D.C. Councilman Jack Evans has said any surplus should be added to the district's rainy-day fund to build its balance toward $1.6 billion. The city already has $1.2 billion in cash reserves.
The Washington Examiner reports that adding another $400 million to the D.C. savings account would place the district among the top 10 in the nation, if it were a state.
Norton Francis, a researcher at the Urban-Brookings Tax Policy Institute says that balance is a little high for normal times, unless there's a serious threat to a state's revenue.
The reserve fund can help protect the city if there's a sudden downturn or cut in federal spending.

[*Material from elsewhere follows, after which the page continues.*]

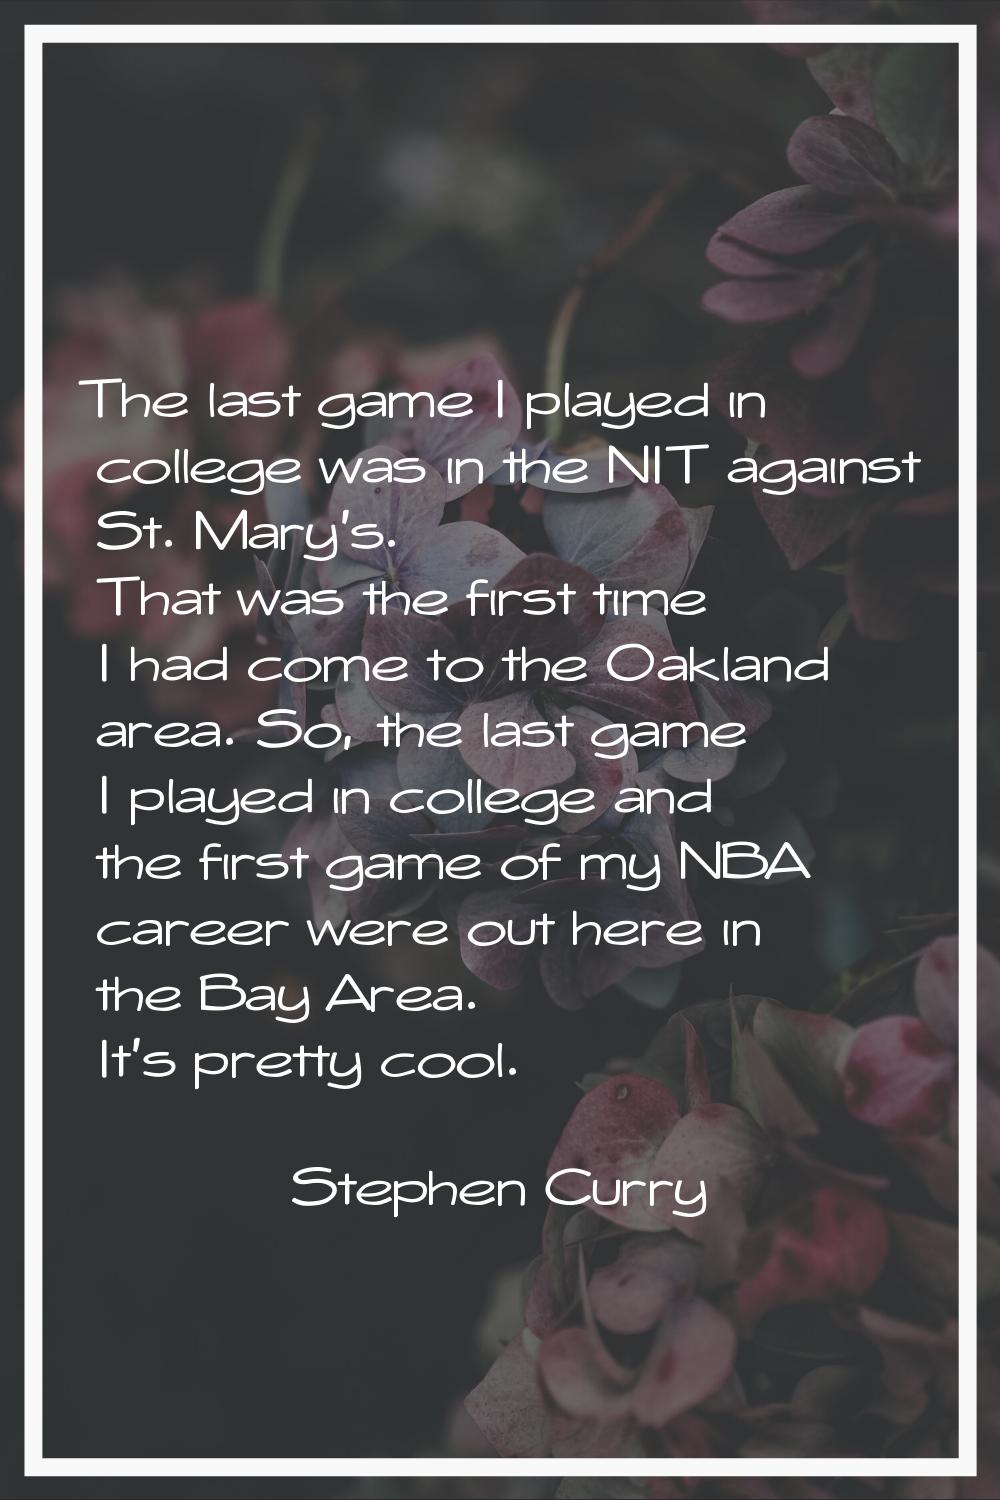 The last game I played in college was in the NIT against St. Mary's. That was the first time I had

Residents have a few ideas on how the spend the money. One woman didn’t hesitate to point out the trash on the streets in the Navy Yard area of Southwest.
“Just look around and you can see what needs to be done. Look at the streets. It’s obvious to see,” says Rosario Hendricks.
One spending solution: improving education. On Friday, the University of the District of Columbia., a city-funded university, cut nearly 100 positions from its staff and faculty to save money.
Another top suggestion is refunding the money.
“That might help the economy because if they give the right people money, that will boost business a little bit,” says Chris Jacobs.
And you don’t have to go far to see someone in need. Latest federal government stats show 15,000 people are homeless in D.C., including about 1,000 families.
“Homeless people over here. There are a lot of homeless people over here, no jobs. That’s what they need to do,” says Rodriguez Gayton.
Topping the city’s wish list is giving $7 million to homeless services, $14.7 million to welfare programs and $9.5 million to education.